Restart the notebook container using at least a "Medium" (16GB RAM) instance.
Optionally, upload your documents archive to the notebook filesystem.
Install requirements¶
Import the following libraries and modules to interface with the DataRobot platform, prediction environments, and vector database functionality.
import datarobot as dr
from datarobot.enums import PredictionEnvironmentPlatform
from datarobot.enums import PredictionEnvironmentModelFormats
from datarobot.models.genai.custom_model_embedding_validation import CustomModelEmbeddingValidation
from datarobot.models.genai.vector_database import VectorDatabase
from datarobot.models.genai.vector_database import ChunkingParameters
Connect to DataRobot¶
Provide a DataRobot endpoint and token to connect to DataRobot through the DataRobot Python client. Read more about options for connecting to DataRobot from the Python client.
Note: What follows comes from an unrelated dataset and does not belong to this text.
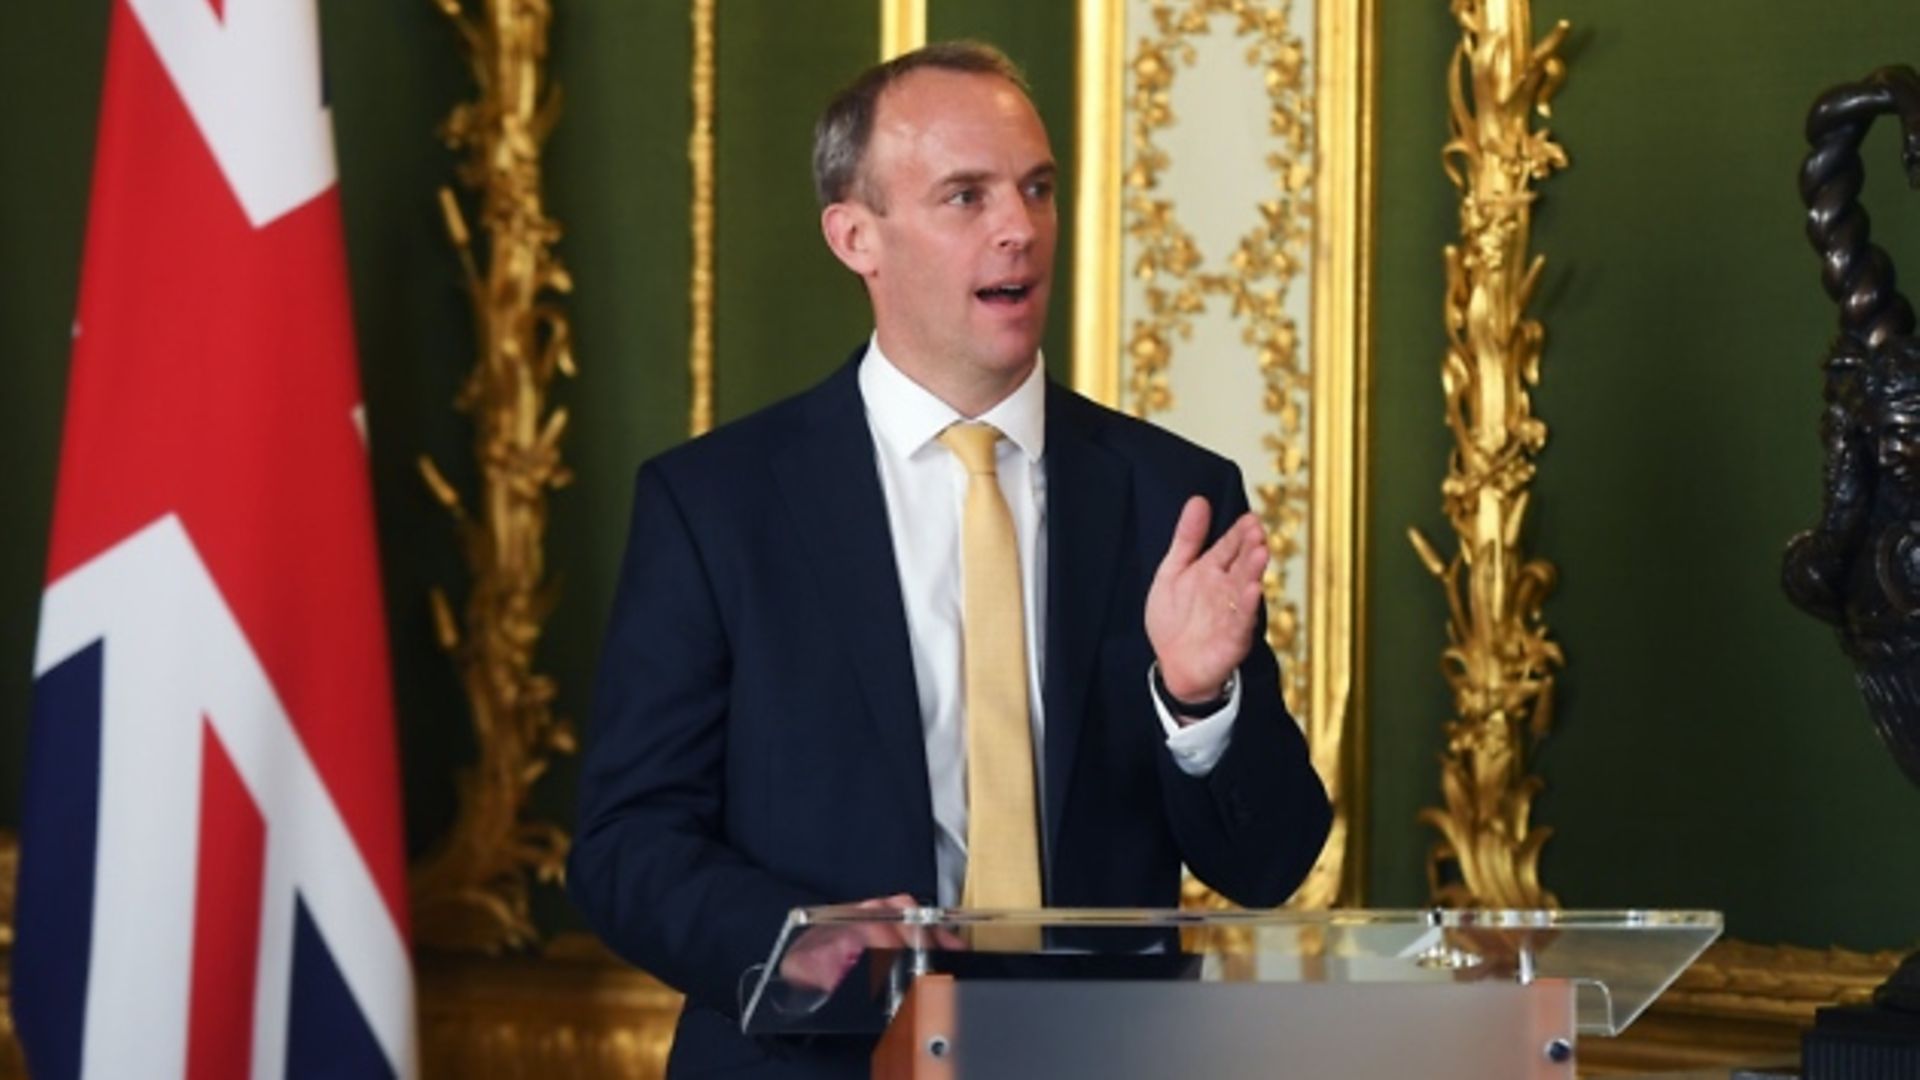 Foreign secretary Dominic Raab during a press conference. Photograph: Peter Summers/PA.

endpoint="https://app.datarobot.com/api/v2"
token="ADD_TOKEN_HERE>"
dr.Client(endpoint=endpoint, token=token)
<datarobot.rest.RESTClientObject at 0x17e7f2d50>
Select an environment¶
Using dr.ExecutionEnvironment.list(), iterate through the environments available to your organization, selecting the environment named [DataRobot] Python 3.11 GenAI to be the base environment of the vector database and assigning it to base_environment.
execution_environments = dr.ExecutionEnvironment.list()
base_environment = None
environment_versions = None
for execution_environment in execution_environments:
# print(execution_environment)
if execution_environment.name == "[DataRobot] Python 3.11 GenAI":
base_environment = execution_environment
environment_versions = dr.ExecutionEnvironmentVersion.list(
execution_environment.id
)
break
environment_version = environment_versions[0]
print(base_environment)
print(environment_version)
ExecutionEnvironment('[DataRobot] Python 3.11 GenAI')
ExecutionEnvironmentVersion('v23')
Create a custom embedding model¶
Using dr.CustomInferenceModel.list() search the available custom models for all-MiniLM-L6-v2-embedding-model. If the custom model doesn't exist, create it as custom_model using dr.CustomInferenceModel.create(). If the custom model does exist, assign it to custom_model.
CUSTOM_MODEL_NAME = "all-MiniLM-L6-v2-embedding-model"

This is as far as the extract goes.